WORK TO COMPLETE
For each line in the material below that holds "Leather", copy that line.

########################################

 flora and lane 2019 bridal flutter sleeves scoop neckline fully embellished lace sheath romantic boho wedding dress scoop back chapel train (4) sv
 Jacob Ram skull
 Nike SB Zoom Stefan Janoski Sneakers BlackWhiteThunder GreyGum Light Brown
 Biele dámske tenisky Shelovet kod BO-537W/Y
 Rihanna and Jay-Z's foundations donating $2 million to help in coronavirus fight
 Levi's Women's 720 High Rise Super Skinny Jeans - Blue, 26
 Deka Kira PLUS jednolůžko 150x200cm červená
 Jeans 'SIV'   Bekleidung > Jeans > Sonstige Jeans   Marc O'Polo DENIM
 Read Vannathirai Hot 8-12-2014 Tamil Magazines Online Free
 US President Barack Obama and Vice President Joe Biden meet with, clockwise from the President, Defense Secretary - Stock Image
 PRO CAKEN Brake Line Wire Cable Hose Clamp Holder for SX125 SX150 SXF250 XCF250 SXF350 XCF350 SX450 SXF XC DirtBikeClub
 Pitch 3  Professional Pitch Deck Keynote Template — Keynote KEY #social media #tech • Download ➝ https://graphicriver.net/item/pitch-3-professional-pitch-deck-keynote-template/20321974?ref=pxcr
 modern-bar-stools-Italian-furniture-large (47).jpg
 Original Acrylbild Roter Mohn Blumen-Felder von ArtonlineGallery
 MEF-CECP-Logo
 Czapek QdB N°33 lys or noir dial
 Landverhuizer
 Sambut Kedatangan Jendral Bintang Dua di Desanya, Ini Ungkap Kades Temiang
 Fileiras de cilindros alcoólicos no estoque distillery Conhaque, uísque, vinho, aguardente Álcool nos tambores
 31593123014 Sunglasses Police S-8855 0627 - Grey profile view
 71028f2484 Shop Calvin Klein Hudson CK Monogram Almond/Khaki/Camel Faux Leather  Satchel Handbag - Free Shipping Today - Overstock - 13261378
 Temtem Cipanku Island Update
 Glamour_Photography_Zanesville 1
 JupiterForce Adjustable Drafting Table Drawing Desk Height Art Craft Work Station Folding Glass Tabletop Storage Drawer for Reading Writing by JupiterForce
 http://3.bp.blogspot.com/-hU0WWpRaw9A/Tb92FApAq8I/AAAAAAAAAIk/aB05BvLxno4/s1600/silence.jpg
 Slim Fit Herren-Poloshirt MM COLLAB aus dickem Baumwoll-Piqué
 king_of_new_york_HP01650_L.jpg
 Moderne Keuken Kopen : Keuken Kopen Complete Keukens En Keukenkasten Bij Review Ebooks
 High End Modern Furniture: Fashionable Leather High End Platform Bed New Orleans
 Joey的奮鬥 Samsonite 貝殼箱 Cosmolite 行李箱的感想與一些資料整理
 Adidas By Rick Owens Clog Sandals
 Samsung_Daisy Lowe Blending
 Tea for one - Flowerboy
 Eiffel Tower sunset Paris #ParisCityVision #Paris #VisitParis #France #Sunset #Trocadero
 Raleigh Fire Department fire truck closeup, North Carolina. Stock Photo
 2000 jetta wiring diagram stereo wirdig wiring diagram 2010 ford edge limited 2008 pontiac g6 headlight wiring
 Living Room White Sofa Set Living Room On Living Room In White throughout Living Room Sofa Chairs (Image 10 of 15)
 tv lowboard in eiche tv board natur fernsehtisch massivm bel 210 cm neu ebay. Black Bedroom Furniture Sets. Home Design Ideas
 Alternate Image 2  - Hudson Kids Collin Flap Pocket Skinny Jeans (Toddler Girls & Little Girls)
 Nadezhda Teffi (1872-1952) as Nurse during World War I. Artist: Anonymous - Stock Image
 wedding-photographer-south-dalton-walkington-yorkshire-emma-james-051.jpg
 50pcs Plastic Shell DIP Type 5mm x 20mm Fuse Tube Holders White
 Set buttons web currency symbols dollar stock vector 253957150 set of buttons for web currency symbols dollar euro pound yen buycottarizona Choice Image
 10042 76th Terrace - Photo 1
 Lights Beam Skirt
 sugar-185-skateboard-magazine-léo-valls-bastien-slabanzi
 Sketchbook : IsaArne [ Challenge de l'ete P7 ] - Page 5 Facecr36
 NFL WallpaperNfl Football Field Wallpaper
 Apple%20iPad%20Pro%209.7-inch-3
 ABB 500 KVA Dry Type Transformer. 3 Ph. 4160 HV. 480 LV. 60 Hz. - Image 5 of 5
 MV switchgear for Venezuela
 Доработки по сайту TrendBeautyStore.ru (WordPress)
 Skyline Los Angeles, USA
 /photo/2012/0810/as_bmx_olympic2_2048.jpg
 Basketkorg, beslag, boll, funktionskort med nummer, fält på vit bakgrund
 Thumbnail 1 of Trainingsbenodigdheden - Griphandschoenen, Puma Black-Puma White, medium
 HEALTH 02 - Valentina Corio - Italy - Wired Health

########################################

OUTPUT OF THE EXERCISE
 71028f2484 Shop Calvin Klein Hudson CK Monogram Almond/Khaki/Camel Faux Leather  Satchel Handbag - Free Shipping Today - Overstock - 13261378
 High End Modern Furniture: Fashionable Leather High End Platform Bed New Orleans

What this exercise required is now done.